Many have expressed concern about the changes that will occur in the industry if the mergers transpire. As such, the Corn Producers Association of Texas (CPAT), along with the Southwest Council of Agribusiness (SWCA) and its members, requested that the Agricultural & Food Policy Center (AFPC) at Texas A&M University conduct an analysis of the potential impacts of the proposed mergers and acquisitions in the seed business.
“In a time of challenging low markets and small profit on American farms, it’s important for farmers to ensure proposals such as these — that will impact the future viability of their farms — are fully vetted,” the group said.
In fact, CPAT and SWCA said it is imperative to evaluate the potential effect of proposed mergers on the agriculture industry, as requested by farmer members.
“A delicate balance and competition in the market is key to ensuring quality, quantity and costs of technologies and resources are available to the farmers producing quality, healthy food, fiber and goods for the American consumer,” CPAT president Bruce Wetzel said. “The impact of these mergers has the potential to go beyond the short term on seed prices and development – leaving an impression on the industry for years down the road.”

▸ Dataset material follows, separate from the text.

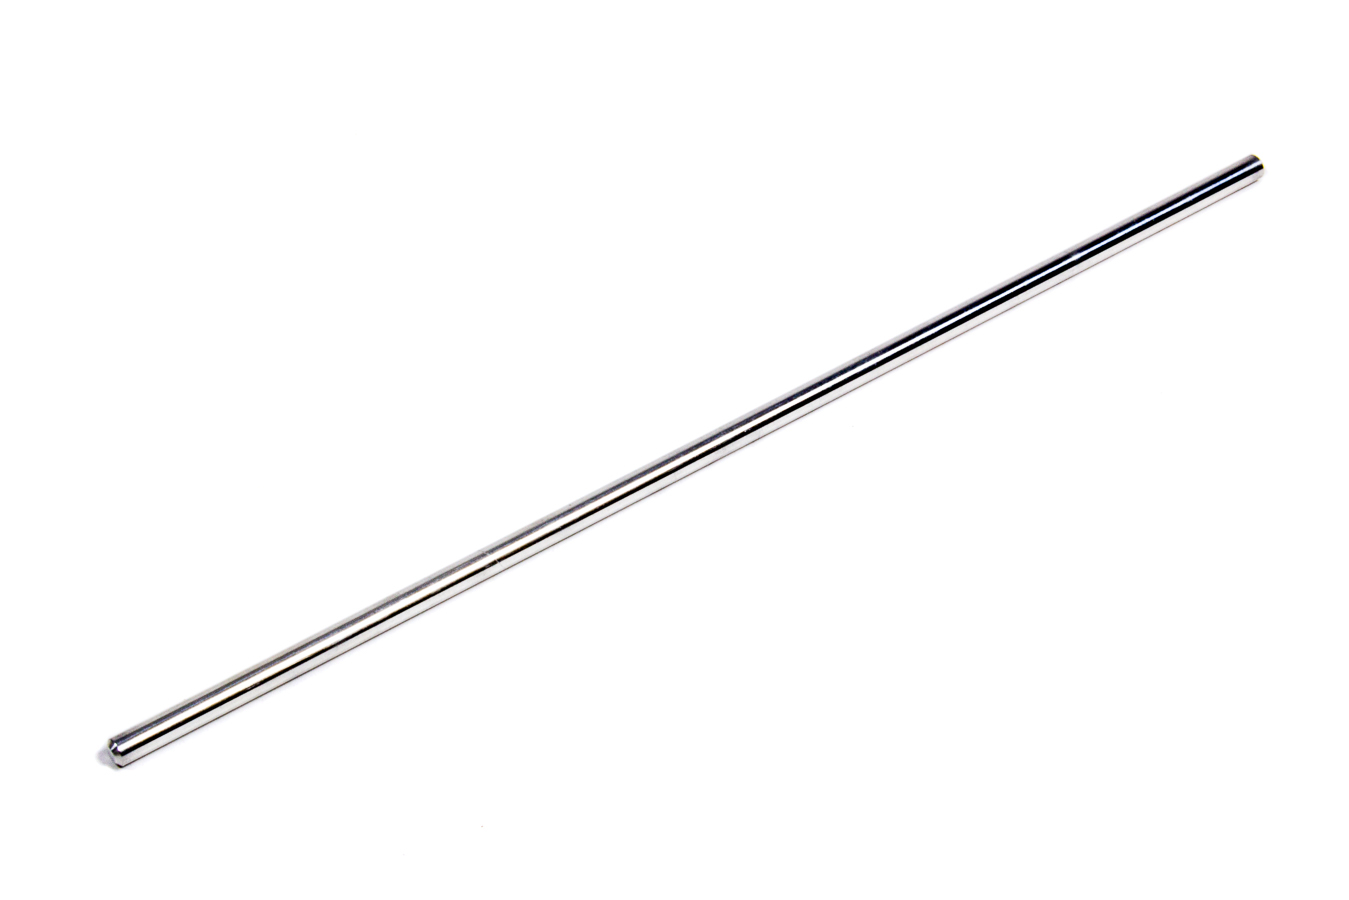 Fox Factory 210-92-087 Shock Metering Rod, 7.1 in Travel Adjustable Shocks, Each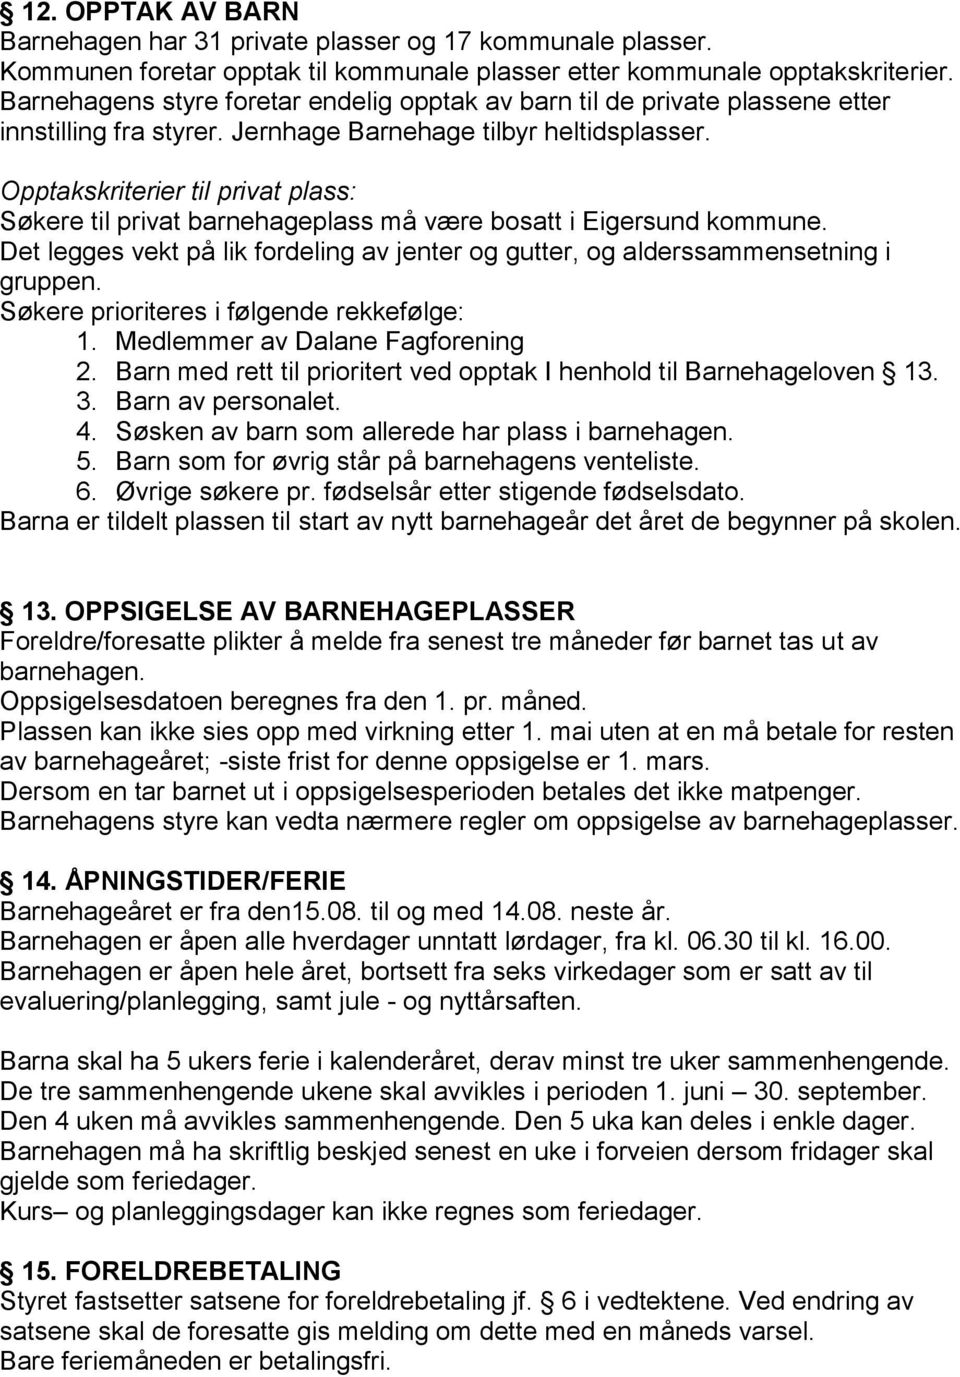 Opptakskriterier til privat plass: Søkere til privat barnehageplass må være bosatt i Eigersund kommune. Det legges vekt på lik fordeling av jenter og gutter, og alderssammensetning i gruppen.

CPAT acknowledged the role these agribusinesses have played in increasing the productivity of the nation’s farms, noting, “This innovation is integral to meeting the needs of the population, and research and development of better technologies is essential to this.” However, the executive summary of AFPC’s study stated that empirical evidence in recent years has found that seed prices are somewhat marked up above marginal costs.
Researchers used the Hausman method of estimating the effects of proposed mergers and acquisitions on markups and market prices of differentiated goods under the assumption of no new entry. They found that the proposed mergers would cause the following expected increases in seed prices: 2.3% for corn, 1.9% for soybeans and 18.2% for cotton. They also found a 25% chance that price increases would meet or exceed the following values: 2.6% for corn, 2.1% for soybeans and 20.2% for cotton.
Despite the increases, the researchers said the changes in market concentration resulting from the proposed mergers meet criteria such that the U.S. Department of Justice and Federal Trade Commission would consider them “likely to enhance market power” in the seed markets for corn and cotton.
Based on the findings, the researchers suggested that more studies should be done to evaluate the impact on other production inputs from the proposed merger of these large suppliers.
CPAT and SWCA sent the complete study to members of Congress and relevant congressional committees in hope of congressional oversight of the proposed consolidations. The organizations plan to also send the study to DOJ, which is the executive branch with jurisdiction on the matter.